CFD codes generally are prime candidates for parallelization, according to the 20 year old slogan "parallel outer, vector inner" (with 2 or more levels of loops).
http://books.google.com/books?id=2z5ipEZQOZEC&pg=RA1-PA134&lpg=RA1-PA134&dq=concurrent+outer+vector+inner&source=web&ots=XIha1ermV9&sig=Du7YYfO2vzsfhRj3GCqFjfq8kZI#PRA1-PA133,M1
An easy route may be to start with auto-parallelization to confirm opportunities, and refine with OpenMP. MPI can give further scaling, at the cost of greater development effort. It isn't usually undertaken for a single node. See
http://mitpress.mit.edu/catalog/item/default.asp?ttype=2&tid=11387

jimdempseyatthecove · ‎12-06-2007

Quarkz,

If you have a single application (execuitable) that runs on one system then use OpenMP. MPI is a message passing scheme beteween processes, each process have a different virtual address domain and which may be distributed across multiple processors be they in a SMP, cluster, or even distributed across a LAN orthe internet.

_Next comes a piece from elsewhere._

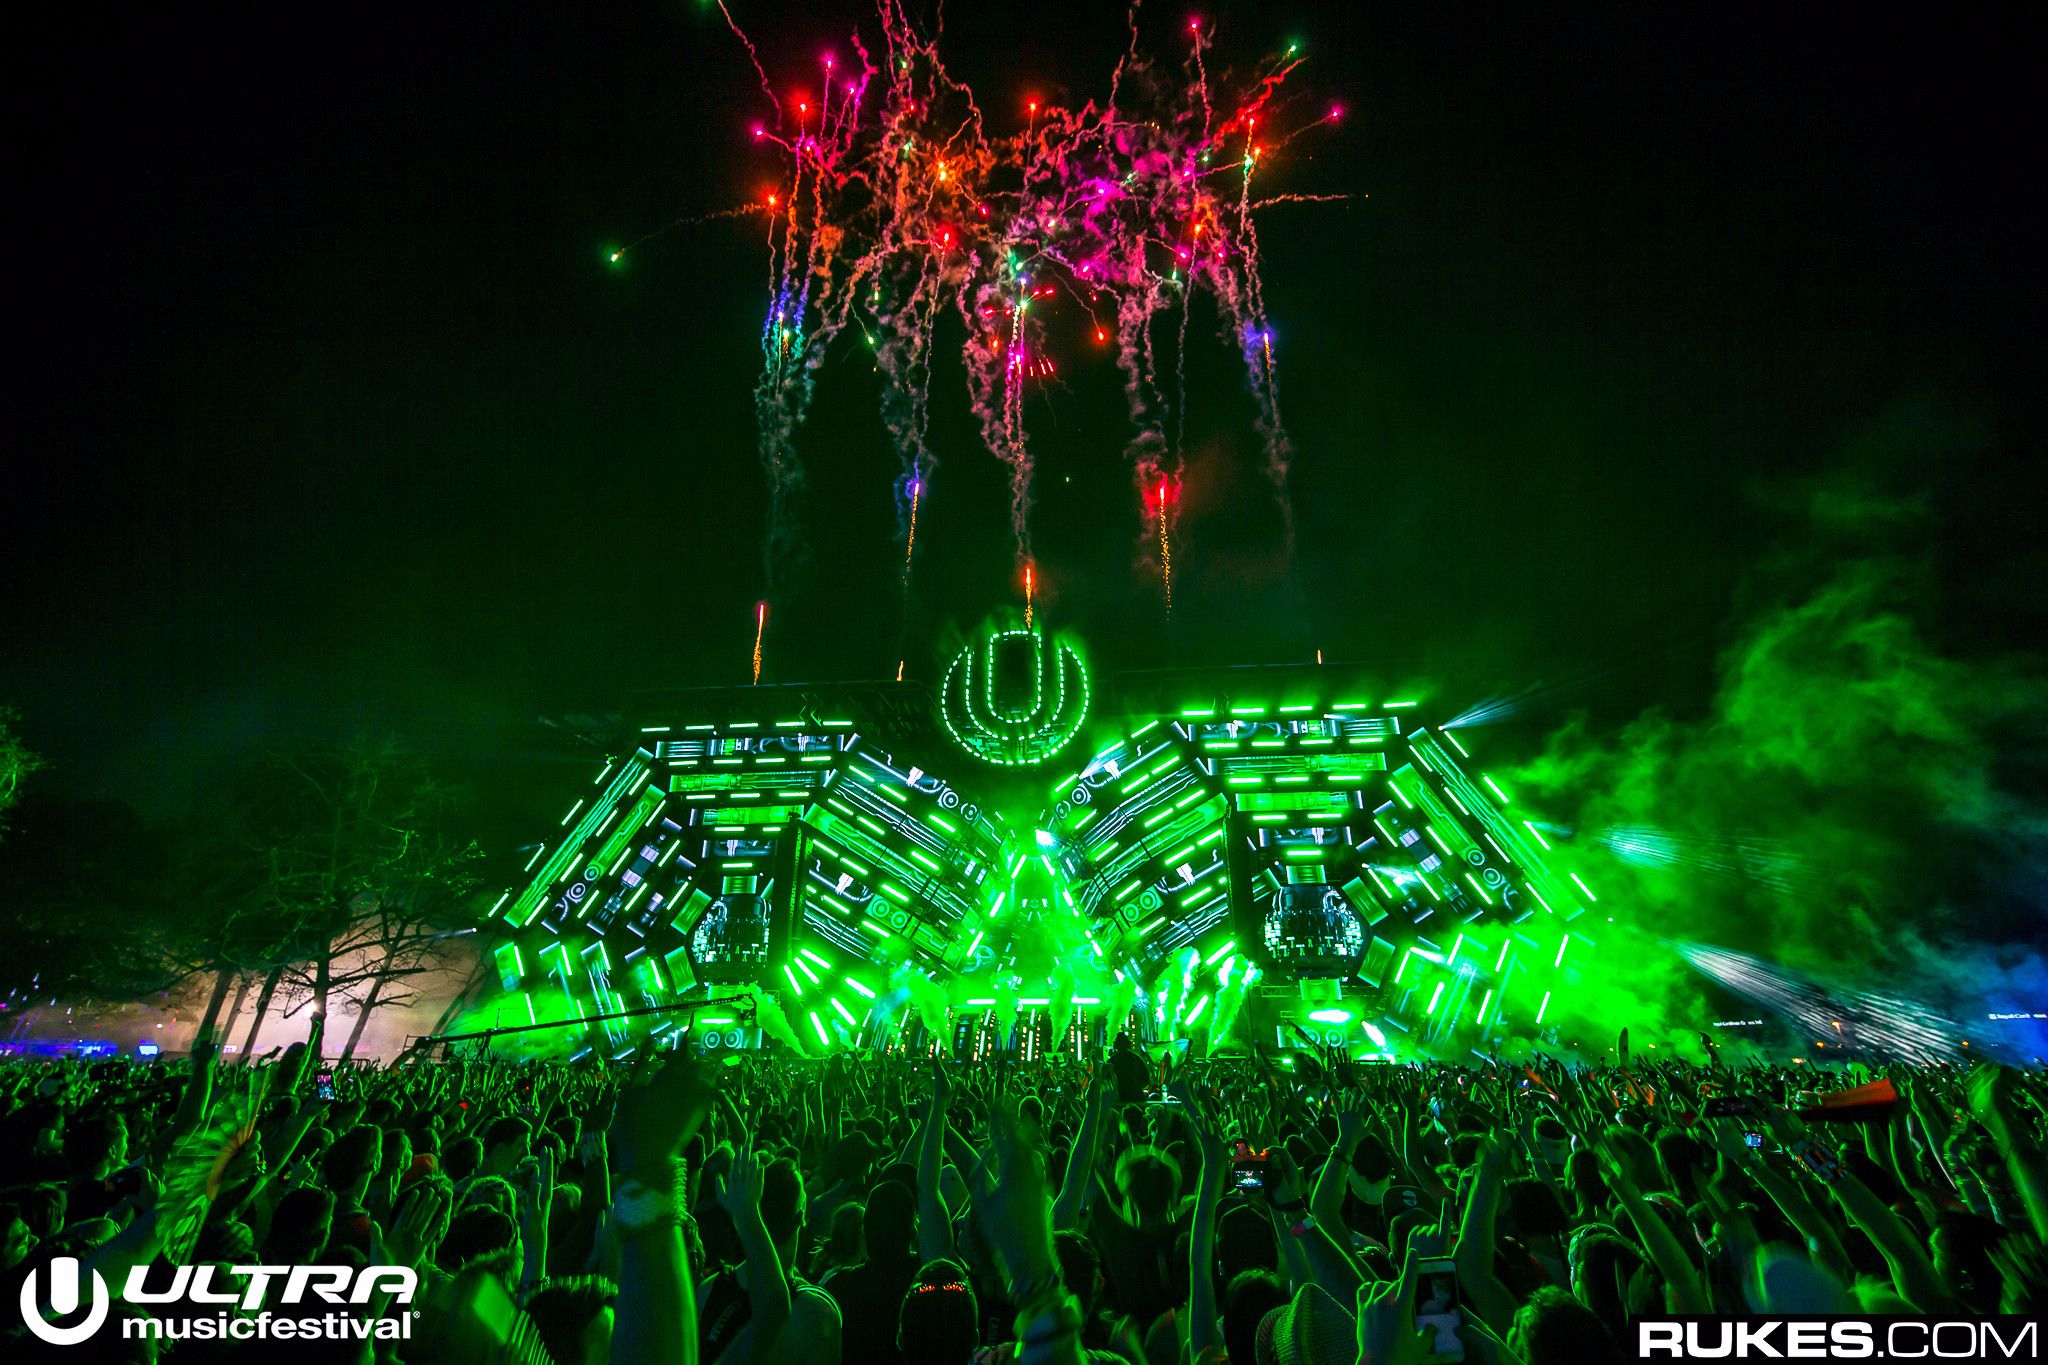 [NÓNG] Lộ Thiết Kế Mainstage Ultra Music Festival 2018?
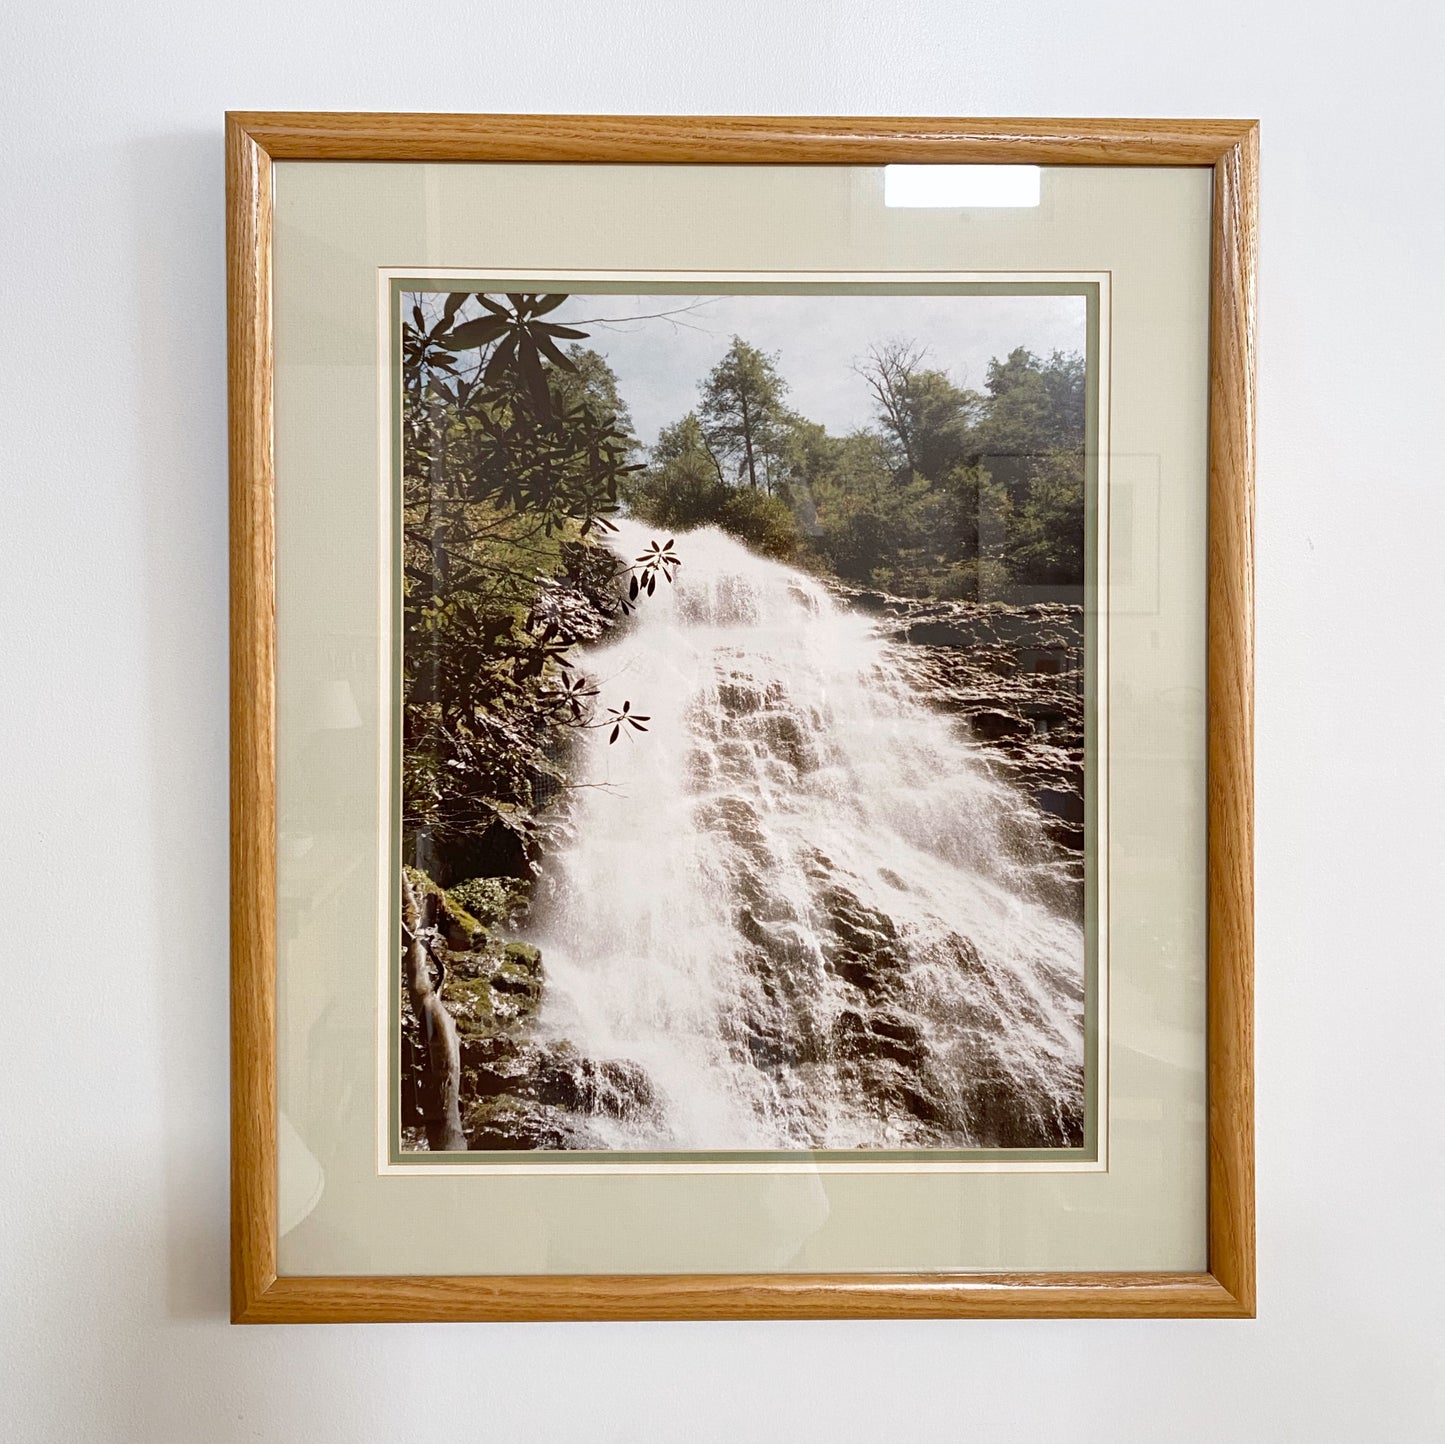 Large-scale Vintage Waterfall Photograph (23x27)

If your applicationruns on asingle system (single, dual or quad core) and you have a 32-bit application and where the maximum application size (2 or 3GB) is smaller than physical memory size, then you could concievabley use MPI between processes on the same system. MPI can also be used on the same system effectively when your old legacy code is not suitable for use with OpenMP (i.e. not thread friendly). A code wrapper using MPI may be more effective than a Batch file to launch and coordinatemultiple processes.

For single system, single execuitable, then consider OpenMP.

Also, if your code is pre F90/F95, reexamine your data flow to see if you can make better use of pointers or references to pass data instead of the common practice of block moving data into a work space, calling the subroutine, moving block data out of working space.

Jim Dempsey

Wee_Beng_T_ · ‎12-07-2007

Hi thank you all. I think I'll try OpenMP. Btw, my code is F95. However, when JimDempseyAtTheCove mention

"reexamine your data flow to see if you can make better use of pointers or references to pass data instead of the common practice of block moving data into a work space, calling the subroutine, moving block data out of working space."

Does it mean when I call a subroutine e.g. cal_vec(x,y) where

subroutine cal_vec(x,y)

real, intent(in) :: x(1000)

real, intent(out) :: y(1000)

y=200.*x

end subroutine

Is this what you mean by moving data in/out and it's not recommended? I've quite a lot of subroutines and I wonder if it's inefficient. Is there a place where I can find more detail explanation of what you are referring to?

Thanks!

jimdempseyatthecove · ‎12-07-2007

No, that call does not move data.

What I mean is during the evolution of your application it may have been starved for memory and you may have initially developed the application to read in data from a file into common arrays, process the data, then write it out. Then later when you moved on to larger memory systems and with a few enhancements you may have enlarged the number of items (objects) on which the old program would process. Your modified old code may have looked like

CALL READBUNCHODATA
DO I=1, NOBJECTS
CALL COPY2WORKSPACE(I)
CALL OLDPROCESSDATA
CALL COPYFROMWORKSPACE(I)
END DO
CALL WRITEBUNCHODATA

Where OLDPROCESSDATA is your old code that was written to work on only one object in memory in a fixed COMMON data area. If you take the time to modify OLDPROCESSDATA such that it is passed a reference (or pointer) to the object data instead of working in COMMON blocks then the program will run much faster. Depending on the circumstances fixing the code may have dramatic performance improvements. Some old code I modified a couple of years back had a 10x performance improvement _prior_ to making use of OpenMP.

Using VTune or other profiler first may locate sections of your code that are copying data. If you can rework that code to use a reference or pointer instead of a predefined area in COMMON you might find a good candidate for improvement.

Jim Dempsey